Abstract

Glycogen-storage disease type II, Pompe disease, is caused by the deficiency of acid alpha-D-glucosidase in lysosome. Previously we found that acid alpha-D-glucosidase did exist in the skin fibroblasts and there was also no difference of mRNA in quantity and size of Chinese infantile type Pompe disease patients in Taiwan. However, functional assay of the acid alpha-D-glucosidase of these patients showed its enzyme function to be defective. In the present study, first we identified a substitution site in four Chinese infantile patients with Pompe disease which is a cytidine to adenosine (C1935-->A) transversion at 5' end of exon 14 causing substitution of glutamic acid for aspartic acid at position 645 of the acid alpha-D-glucosidase. This substitution was introduced in wild-type cDNA and expressed in COS-1 cells. The Asp-645-->Glu substitution resulted in significant reduction of acid alpha-D-glucosidase activity.
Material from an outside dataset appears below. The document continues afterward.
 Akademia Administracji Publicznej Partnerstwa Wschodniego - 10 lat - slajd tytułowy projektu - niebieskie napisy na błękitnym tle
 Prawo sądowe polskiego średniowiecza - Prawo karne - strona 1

Second, according to the screening data in 25 Chinese Pompe disease patients using digestion of RT-PCR amplified specific fragment with Aat II, the restriction fragment length analysis showed that patients presented the 861 bp band and the normal individuals presented the 728 bp and 133 bp polymorphic bands. We found that the frequency of mutant allele is 0.8 in infantile patients with Chinese Pompe disease and 0 in normal individuals. These results therefore indicate that Asp-645-->Glu mutation results in infantile form of Pompe disease as the major cause in Chinese patients in Taiwan.